═════ Source data ═════

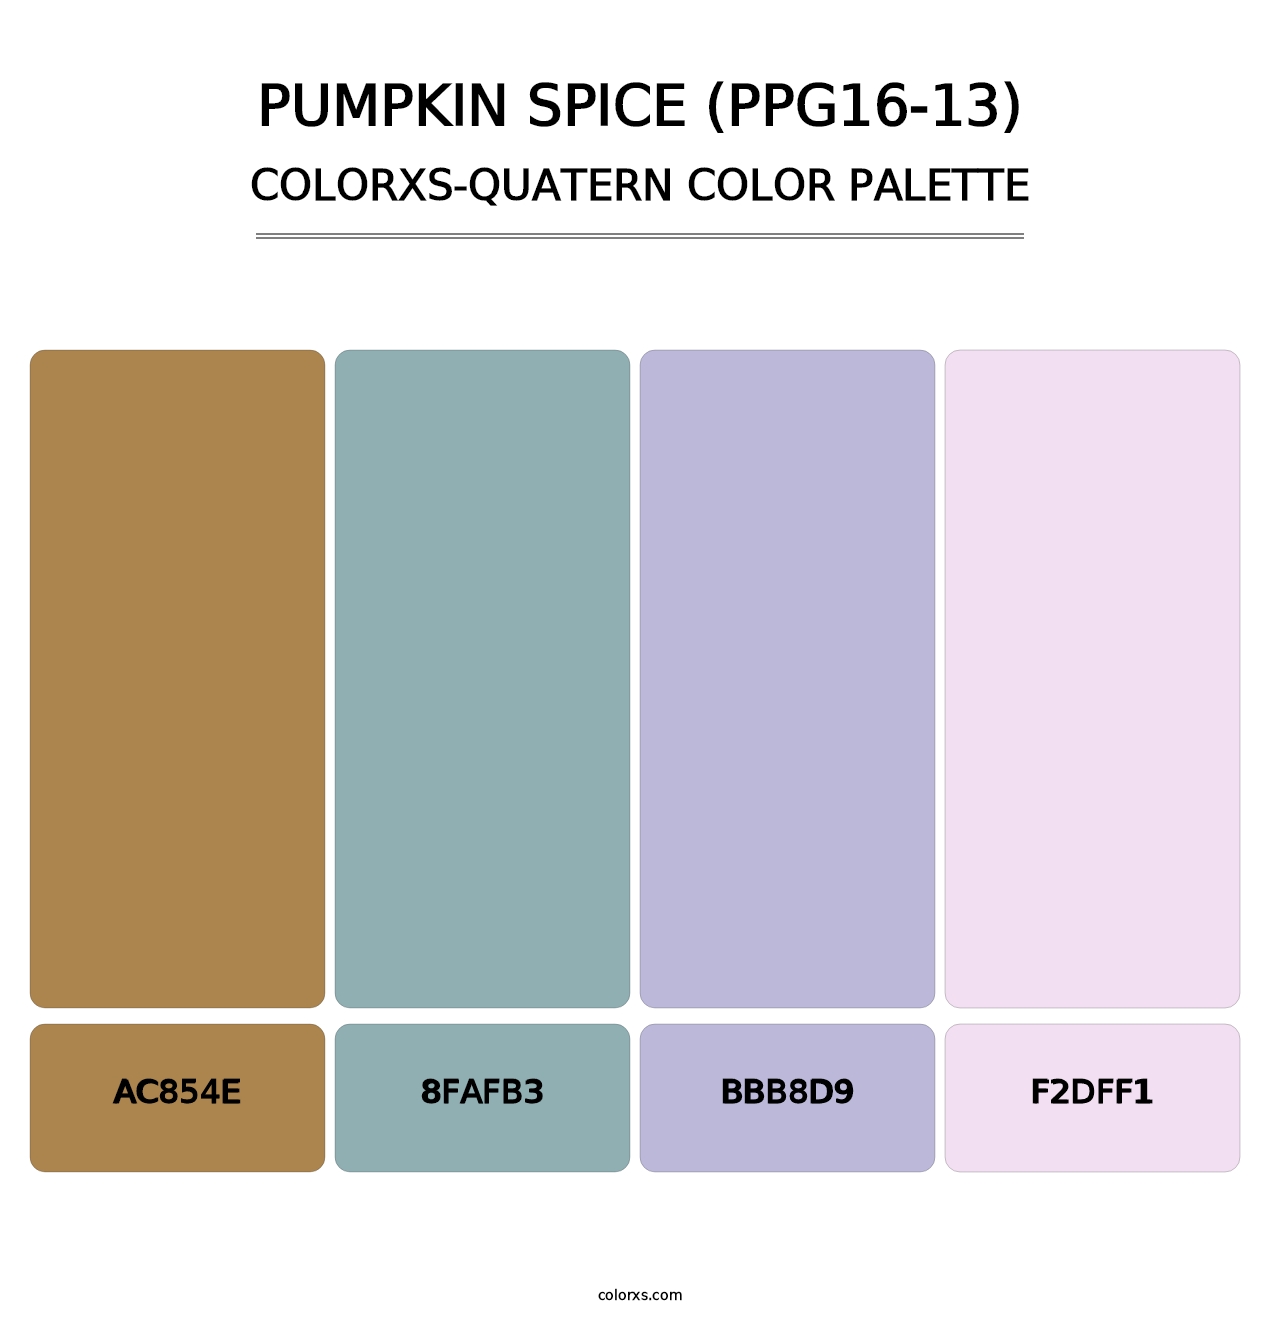 Pumpkin Spice (PPG16-13) - Colorxs Quatern Palette
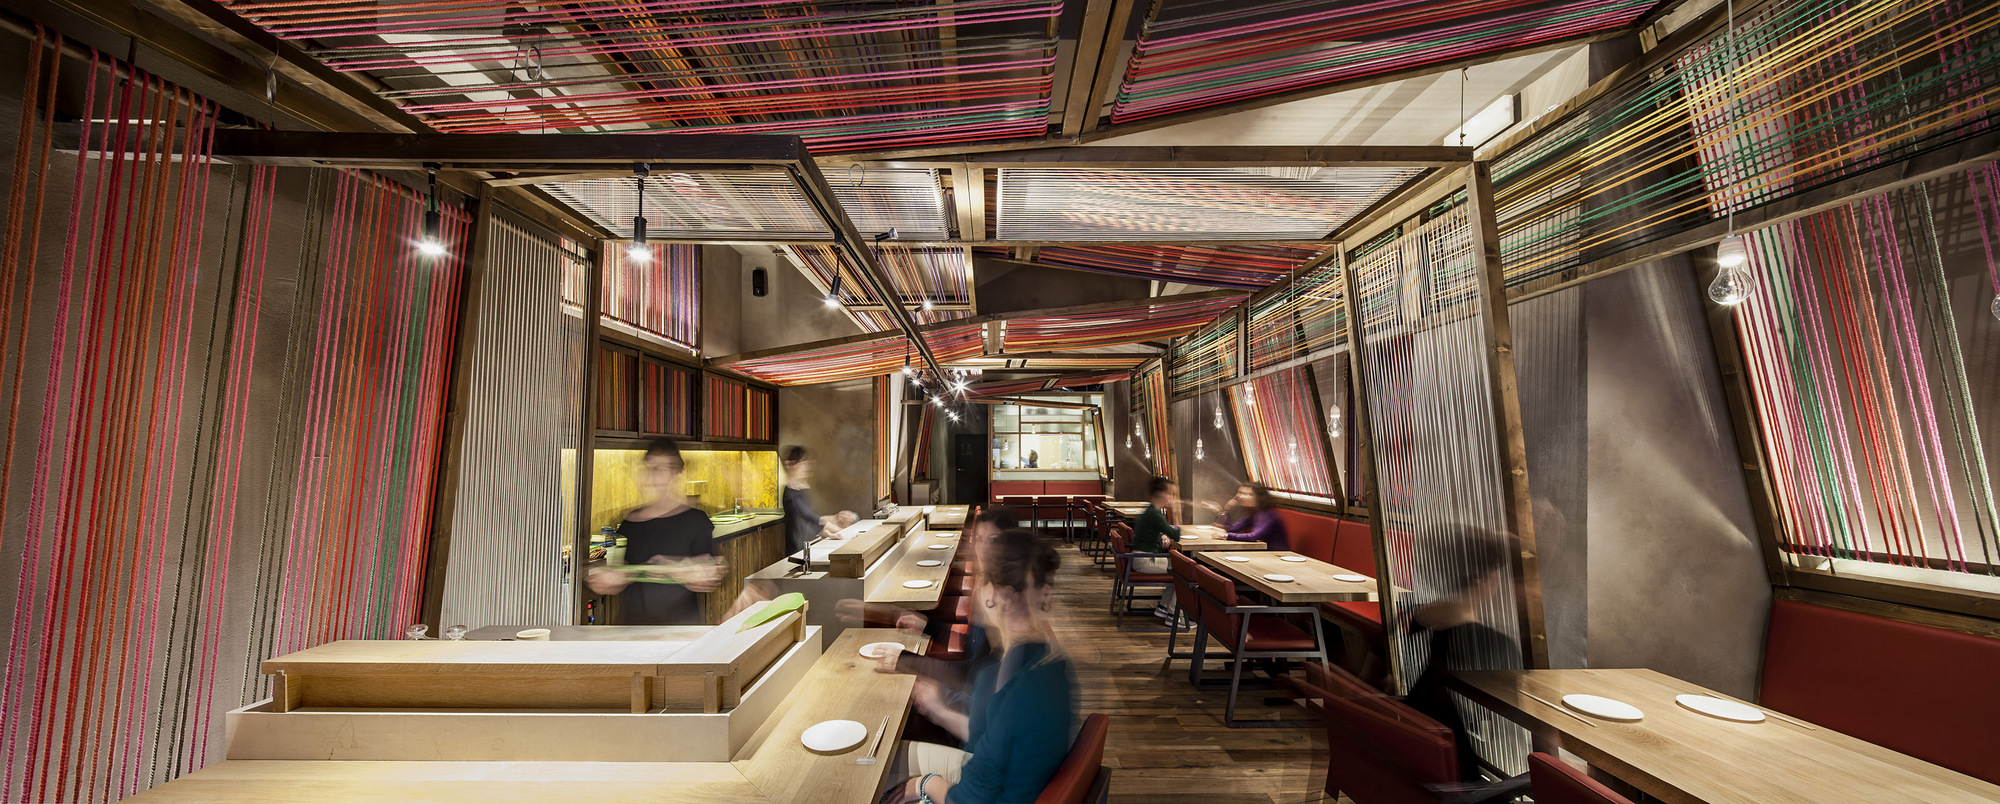 图片[2]|Pakta餐厅|ART-Arrakis | 建筑室内设计的创新与灵感
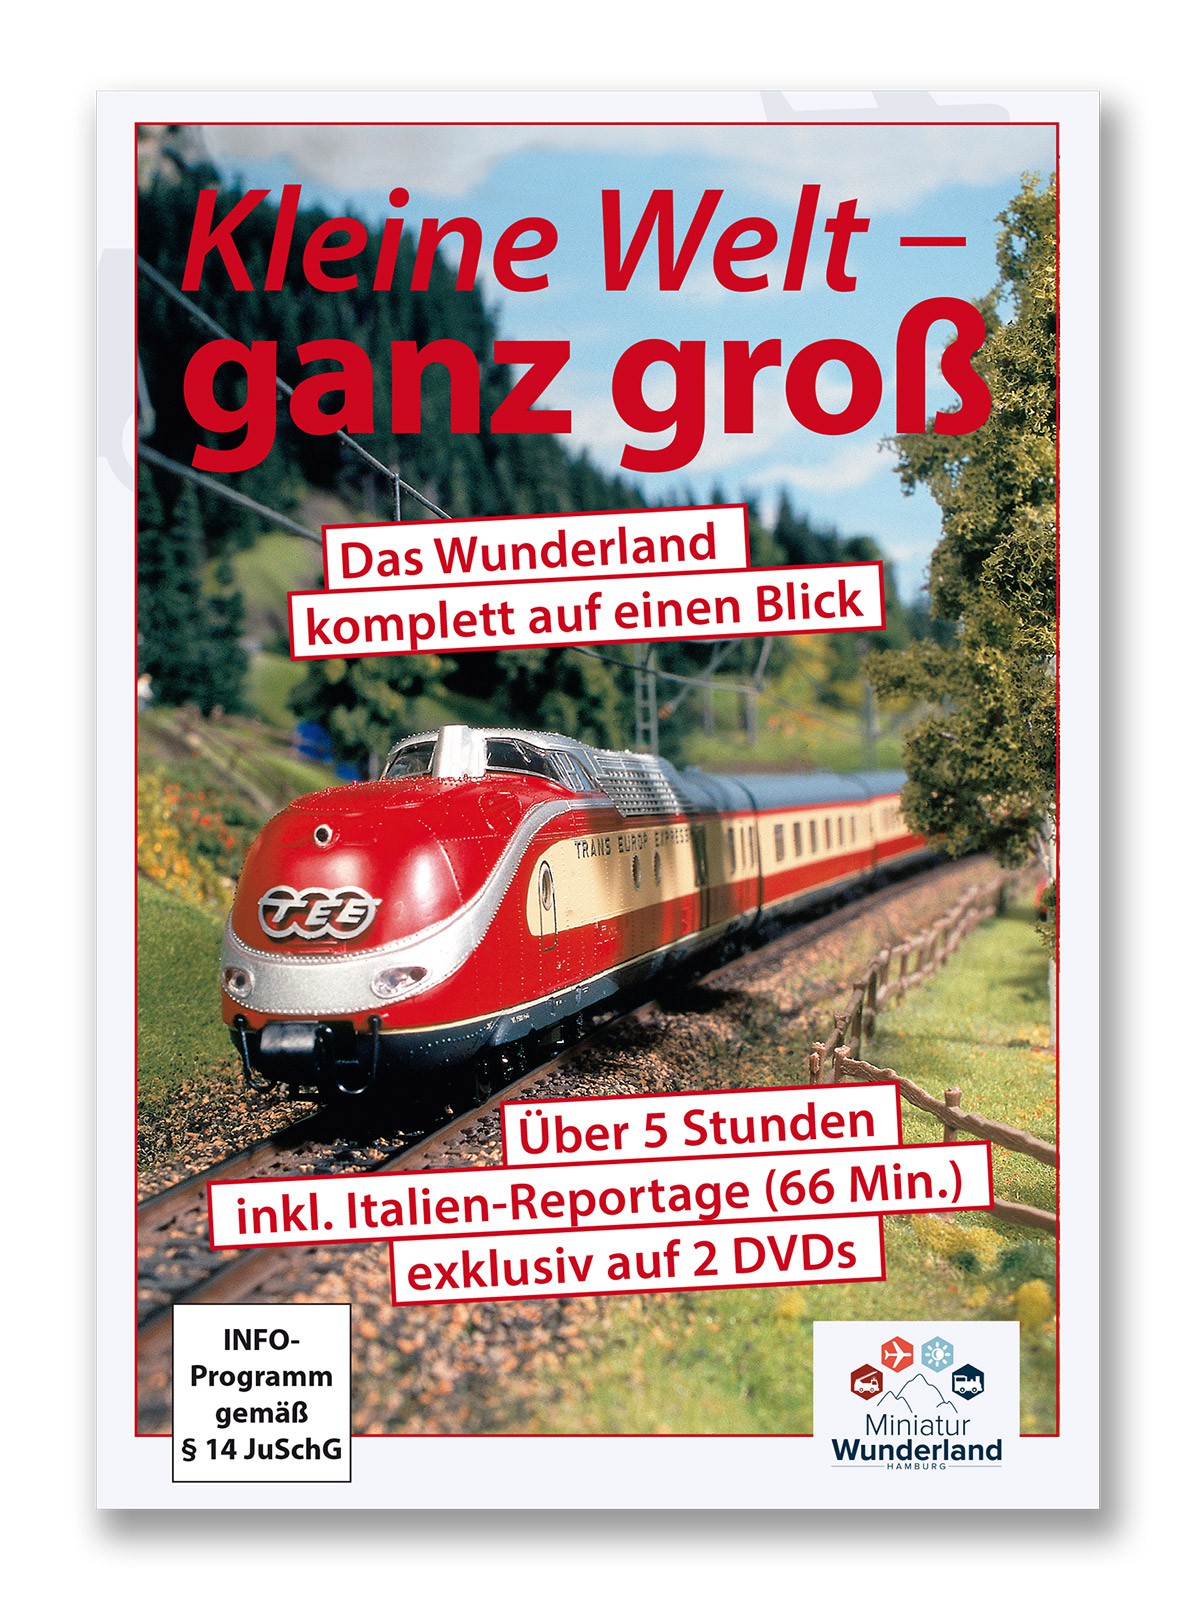 Wunderland double-DVD "Kleine Welt - ganz groß"

═════

→ Exercise instructions
Retype the data above as given, letting no picture into the copy.

→ Solution to this task
 Pumpkin Spice (PPG16-13) - Colorxs Quatern Palette
 图片[2]|Pakta餐厅|ART-Arrakis | 建筑室内设计的创新与灵感
 Wunderland double-DVD "Kleine Welt - ganz groß"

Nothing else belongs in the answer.